I was wondering if you could be my daddy. Or tell me where to fnd him, or maybe just exchange words as to why I never met him. I was wondering if you could be my first love, and if a boy did anything less than love me, you would hurt them more than they could have hurt me so.

Now I was just wondering which one of you two share the same genes with me, because the other just learned to run away. Mama's gone so i grew up with unanswered questions. She left me and i lack knowledge of her. Then daddy left me, trying to save me from the dark place mama left me in. Two worlds apart, but car accidents was what stopped their derooted hearts. The ones that did beat for me at a point in time, the hearts i never shared unconditional love for. Yet still, the fault we find in time, finds within us the burden that it has to carry for us.

I always wondered how little me was to grow into a true woman one day. You weren't there for me to even look up to, instead i had to look past someone like you. And how was i supposed to love a man when you weren't there to show me any better. How could you even teach me something that you yourself never knew. There's a way words should reach men, and there's a way to hold them. And there's a fire in me that was always supposed to fuel them. And i blame you sometimes for the struggles I go through because i never even knew you.
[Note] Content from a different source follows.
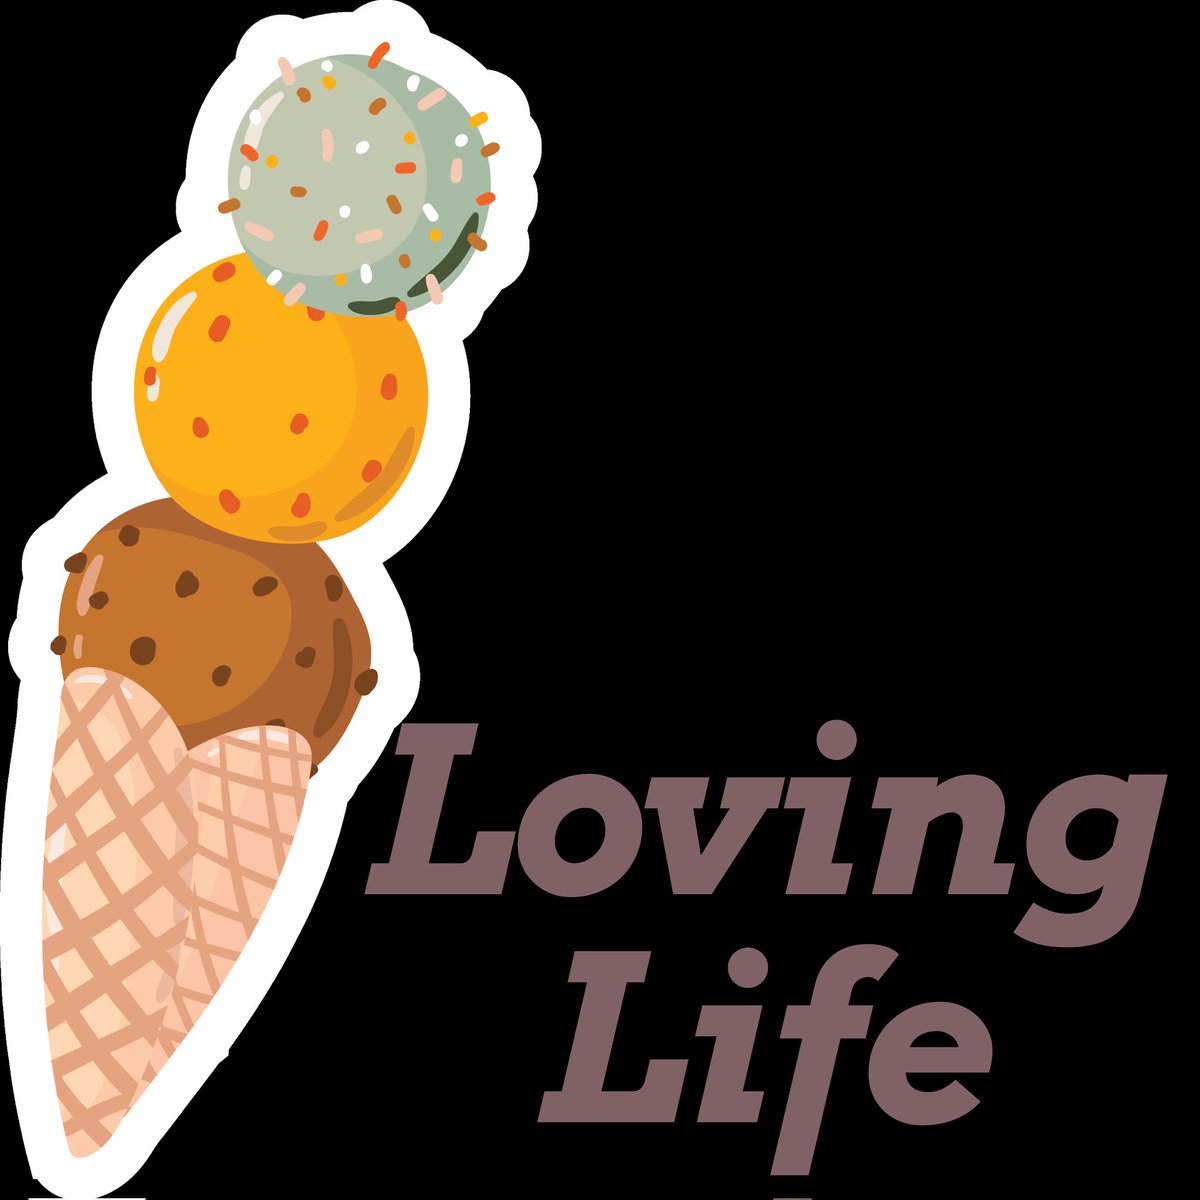 Loving Life Designs

#lovinglife #inspiringothers #llio #life #inspiration #inspiring #luvlife #lovinlife #inspire #luvinlife

And i grew my strengths on my own, and still to this day battle suppressed childhood pains that remain misunderstood. Am i like my mother or did i inherit daddy's traits. Something i'll never know.

Two days now I told granny I am dying of thirst. She laughs as she hands me a bottle of Carib to drink. As if i had no sense at that young age to differentiate between beer and water. Begging for a morsel of food just to stay alive sometimes. Hoping that old man who looks at you with beastiality under his smile doesn't give me more than just a meal.

Growing pains was the sex and alcohol you call home. But is it even really home. I thought home was where the heart lies, but the faces i recall resembled where the heartless reside. Every crevice in my dust ridden heels conjured up a mile long story to tell of those dirt filled tracks i frequented. These feet of mine walked everywhere with no need for shoes, and it was all i knew. Thinking presents came early because I don't recall birthdays, I just got some new dumpster clothes and remained the happiest child alive. I didn't know any better. Yet I never wanted anything more.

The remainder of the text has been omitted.